Australia: Asylum seekers held in cruel prison-like offshore regime

The Australian government is holding more than 1,000 asylum seekers in shameful conditions in a processing centre on Manus Island, Papua New Guinea, Amnesty International said today as it published a new report.
The report details how asylum seekers are being held in a prison-like regime, in extremely cramped compounds in stifling heat, while being denied sufficient water and medical help. Most have fled horrific situations and risked their lives in their efforts to reach Australia.
Amnesty International Australia National Director Claire Mallinson said:

“This system of harsh conditions and humiliating treatment is a deliberate effort to pressure people to return to the desperate situations they have fled from. Australia is directly responsible for this deplorable and unlawful combination of arbitrary detention and inhumane conditions.

“The policy of shipping asylum seekers, many of whom have suffered terribly in their home countries, to offshore facilities has to end.

“The Australian policy is cruelly ironic.
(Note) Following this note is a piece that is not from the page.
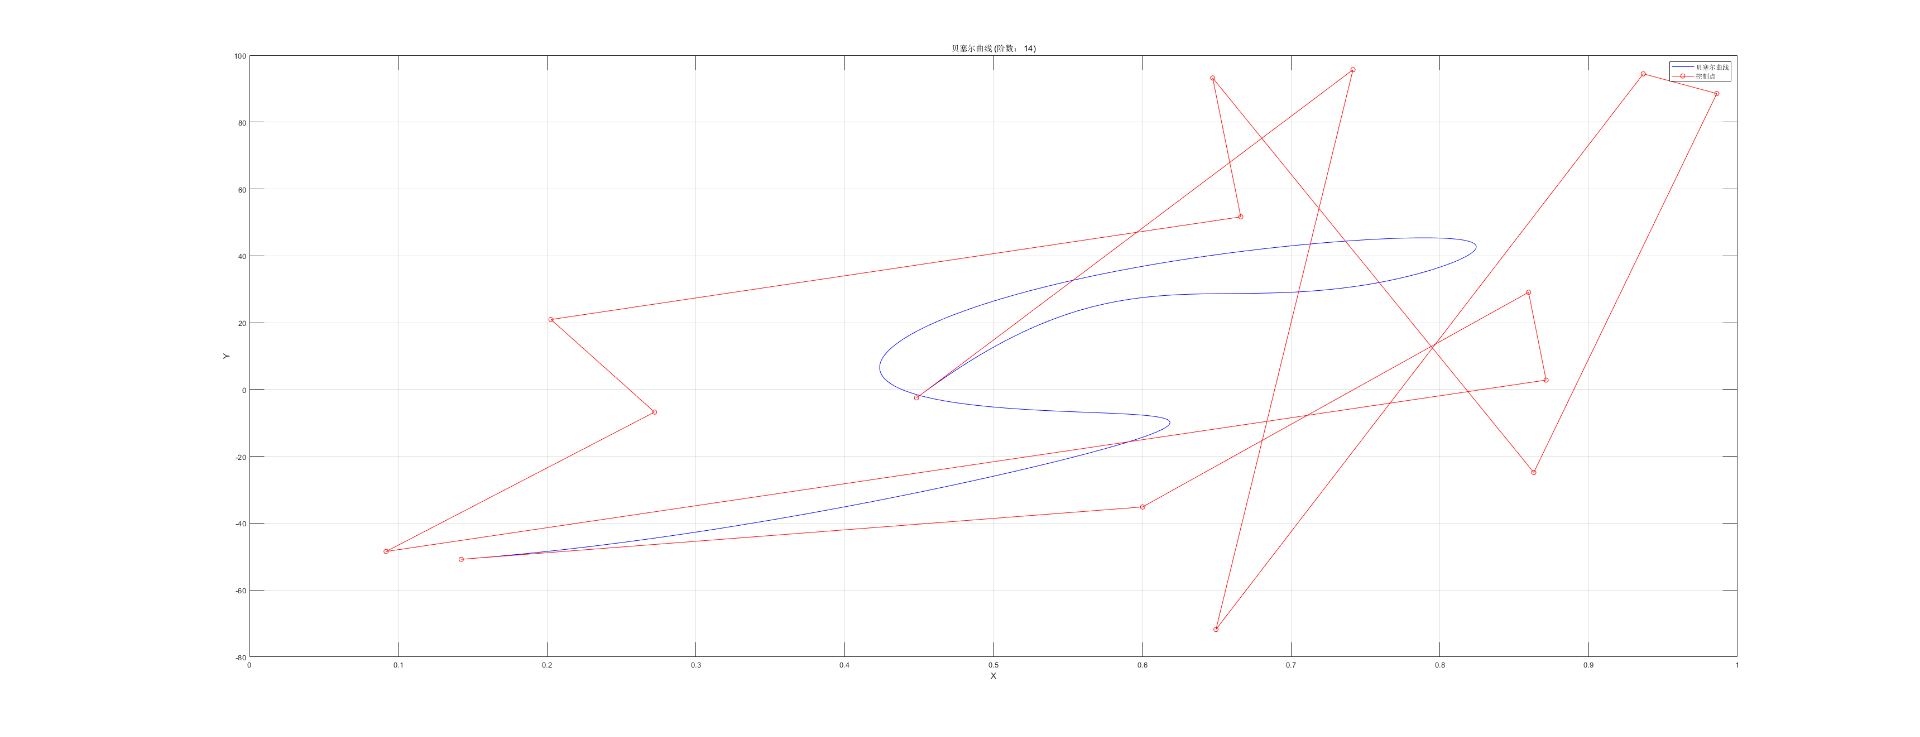 贝塞尔曲线原理、推导及Matlab实现

Australia recognises the dangerous situation in countries like Syria and Burma. It knows these people have risked life and limb to escape, but then they are held in prison-like conditions and denied their right to seek asylum.”

Amnesty International’s report This Is Breaking People: Human Rights Violations at Australia’s Asylum Seeker Processing Centre on Manus Island, Papua New Guinea is based on a recent research visit to Manus Island from 11-16 November.
It details the appalling conditions in the centre, where only 55 out of more than 1,000 asylum seekers have been able to start processing a claim for refugee status.
Many of the asylum seekers being held on Manus Island have fled well-known conflict areas including Afghanistan, Darfur, Pakistan, Somalia and Syria. Others have fled situations of extreme discrimination and statelessness, including Rohingyas from Burma and Bidun from the Gulf region, and have nowhere to return to.
Some told how they have contemplated suicide because of the harsh and humiliating conditions.
One 43-year old Iraqi said: “I have lived in war zones, with bombs and explosions. I have never experienced what I am experiencing here with the uncertainty we face. If we had died in the ocean that would have been better.”
The inhumane treatment is pressuring potential refugees to choose to return to their country of origin. This is a serious breach of Australia’s obligations under international law, exposing the individuals to the risk of return to places where they will likely be persecuted or potentially tortured.
The Manus Island Regional Processing Centre (RPC) is essentially an Australian-run facility based on Papua New Guinean soil. The Australian authorities are closely involved in every aspect of the arrest, transfer, and detention of asylum seekers. The Australian authorities  also contract the security guards, service and health providers, and has overall involvement in the day-to-day running of the facility.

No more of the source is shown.